The late English golf writer Peter Dobereiner titled one of his books “The Game with the Hole in it.” Well that wasn’t the case yesterday in the Thursday competition at Bryanston Country Club. The holes in the greens were hidden from view by a raised plastic liner, and it was no longer a condition of play to hole out. All you needed to do to complete a hole was ensure that your golf ball touched the liner.

It certainly makes scoring simpler. I watched a golfer attempt a long putt on one green. The ball was travelling quickly and would have gone a few metres past the hole, but fortuitously it clipped the edge of the liner and his playing partners delightedly praised him for holing out for a par!
I can see that club professionals are quickly going to be cancelling the “Two-Club” if this becomes the norm. We’re going to see remarkable betterball and alliance scores in competitions. As for handicaps, golfers who putt accurately should be careful about posting too many low scores. They will be hurt when we return to normal.
Some golf clubs are insisting that the holes remain but the flagsticks are not removed. Yet golfers will be touching the base of the flagstick in order to remove their golf balls.
Golfers might think they are in a state of nirvana right now. Several Gauteng clubs have removed rakes from bunkers, in case they are contaminated, so golfers are no longer required to clean up after tramping around in the sand. Spare caddies have been commissioned to rove around the course with a rake in hand, looking for work.
The duties of caddies have been much reduced, whereupon golfers might ask what is the point of having one. Some clubs are insisting that players provide the caddies with a pull cart, and they are not allowed to handle a player’s clubs. And they don’t have to rake bunkers. One club told its members that caddies may not even make contact with a player’s sandbag, towel or even the golf ball! All the caddie therefore has to do is pull the bag around and let the player do all the work.

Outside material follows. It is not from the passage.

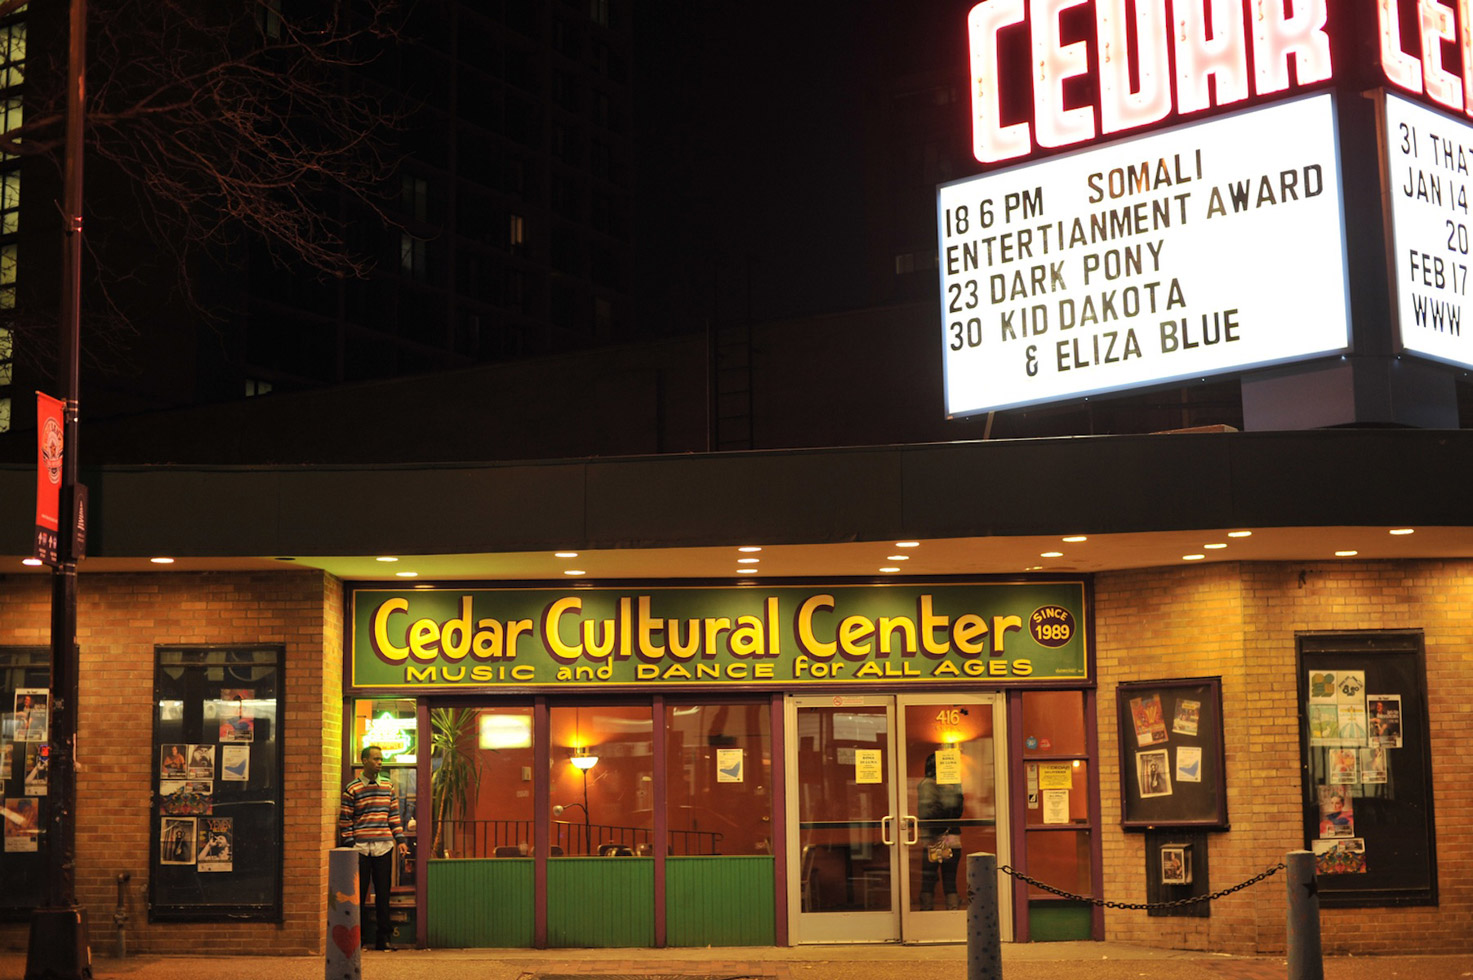 A young Somali man waits outside the Cedar Cultural Center, host of the 2011 Somali Entertainment Awards. Since Minneapolis has one of the largest collective communities in the diaspora, famous artists, athletes, and musicians came from around the world to collect their awards.

The one-tee start recommendation is designed to make golf less social on traditional competition days. Shotgun starts are forbidden. We cannot have all those golfers finishing their rounds at the same time and massing around the clubhouse. However, they are really only a favourite of corporate golf days, and these outings are being cancelled left, right and centre.
The one-tee start means there will be no more distinct morning and afternoon fields, with their traditional two-tee starts. Golfers were identified by their preferences: “Yes, he’s strictly a morning golfer.” Morning and afternoon golfers often didn’t even know they were members of the same club. Now they will bump into each other more often. Members will find themselves starting a round at 10am, which means they can’t do much in the morning before the round, and half the afternoon is gone before they are finished. Without any sport to watch on TV though, who cares?